In order to provide accurate recognition of individuals, the most discriminating information present in an iris pattern must be extracted. Only the significant features of the iris must be encoded so that comparisons between templates can be made. The template that is generated in the feature encoding process will also need a corresponding matching metric, which gives a measure of similarity between two iris templates. This metric should give one range of values when comparing templates generated from the same eye, known as intra-class comparisons, and another range of values when comparing templates created from different irises, known as inter-class comparisons. The two metrics that is used are explained in brief below.

A. Hamming distance :

The Hamming Distance gives a measure of how many bits are the same between two bit patterns . Using the Hamming Distance of two bit patterns, a decision can be made as to whether the two patterns were generated from different irises or from the same one. In comparing the bit patterns X and Y, the Hamming Distance, HD, is defined as the sum of disagreeing bits (sum of the exclusive-OR between X and Y) over N, the total number of the bit pattern.

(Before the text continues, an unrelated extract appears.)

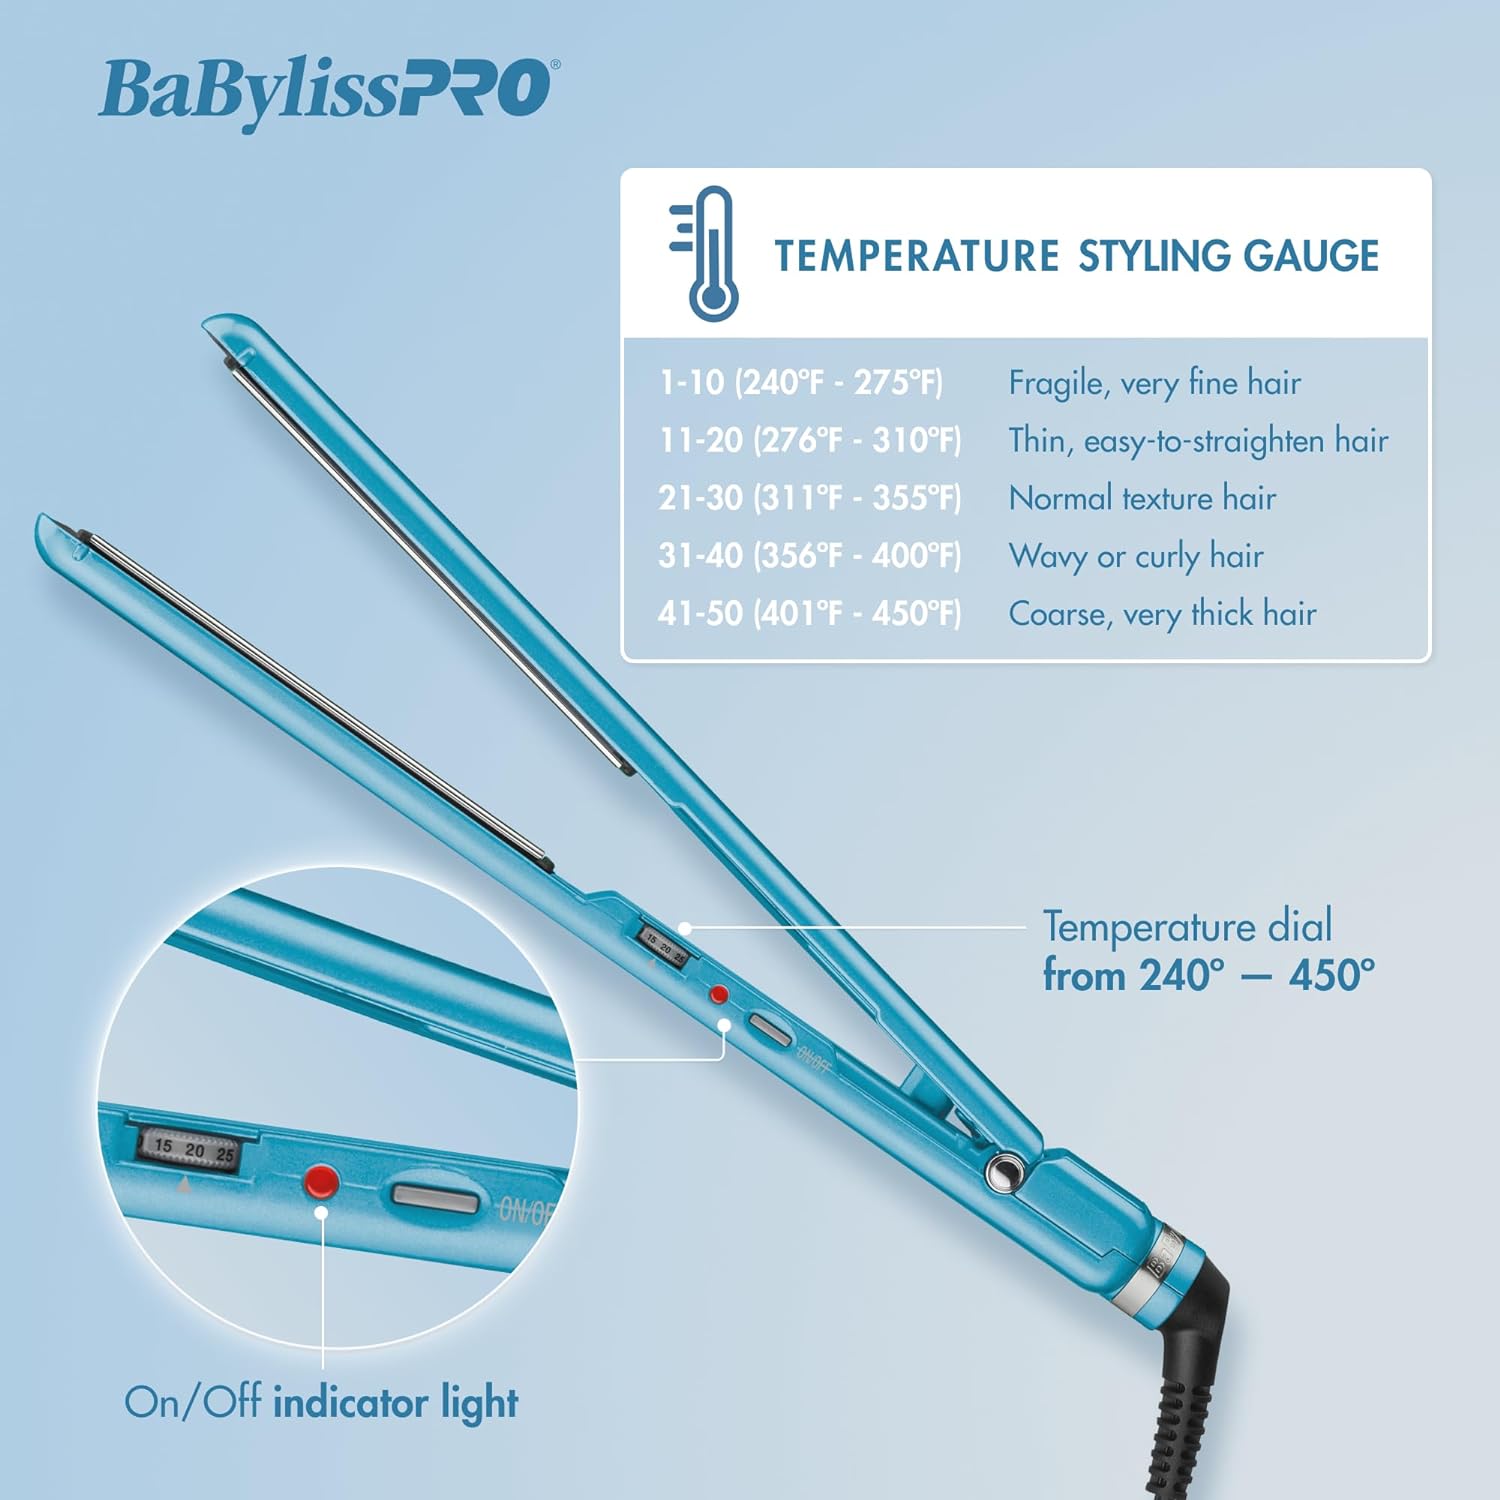 BaBylissPRO Nano Titanium Ultra-Thin Hair Straightener Review

A. Euclidean distance (ED):

The Euclidean Distance (ED) can be used to compare two templates, especially if the template is composed of integer values. The weighting Euclidean distance gives a measure of how similar a collection of values are between two templates. The Euclidean distance metric is a classically used means of measuring the distance between 2 vectors of n elements.

PERFORMANCE ANALYSIS

The most commonly used metric for matching the two bit strings generated by query image and template stored in database is the Hamming Distance. It is a simple XOR operation where result equal to zero when both said a string has same bit string. Euclidean distance is especially useful for comparing matching whole word object elements of two vectors. It measures only distance between two iris code vectors. The figure 9 to 11 shows the obtained result -

Table I Recognition of performance comparing with existing methods

CONCLUSIONS and FUTURE SCOPE

In the Cumulative sum based change analysis feature extraction method, a normalized iris image is divided into cells and codes generated for these cells by the proposed code generation algorithm. The method is relatively simple and efficient compared to other existing methods. The recognition rate for cumulative sum based change analysis is 86.61% and the time required for feature extraction is 14.27s. In the next method the features are extracted by using Radial and Circular feature extraction method. The Performance of this algorithm is not encouraging. As the inter-class hamming distance distribution is almost overlapping with intra-class hamming distance distribution. It is very hard to find good separation point for this algorithm. Also this algorithm is based on result of edge detection and edge detection algorithms are not efficient for illumination in images. Some edges cannot be detected if image is taken in low illumination condition. This algorithm did not give better verification results. The neural network is another method which is used for personal iris recognition system. Using this method, iris segmentation is performed in short time. The located iris after pre-processing is represented by a feature vector. Using this vector as input signal the neural network is used to recognize the iris patterns. Among the three methods, the third method neural network gave better recognition rate of 96.8% and consumes less time i.e. 0.014s for feature extraction. Hamming distance is chosen as a classifier, which calculates the similarity between two iris codes. A lower hamming distance indicates higher similarity and the two templates were deemed to be generated from the same iris. The image 3.bmp has obtained the minimum Hamming distance and Euclidean distance. The Hamming distance for 3.bmp is 0.05 and Euclidean distance is 0.011.Therefore the test image belongs to the 3rd person. From all the future extraction method it is observed that the neural network gave the better result and the feature execution time is very less. So, among the three methods neural network is one of the better recognition systems.

ACKNOWLEDGMENT

I would like to thank all those who have contributed to the completion of the project report and helped me with valuable suggestion for improvement. Special thanks to Prof. M. R.Wargantwar, MIT, Aurangabad for her valuable guidance for the project.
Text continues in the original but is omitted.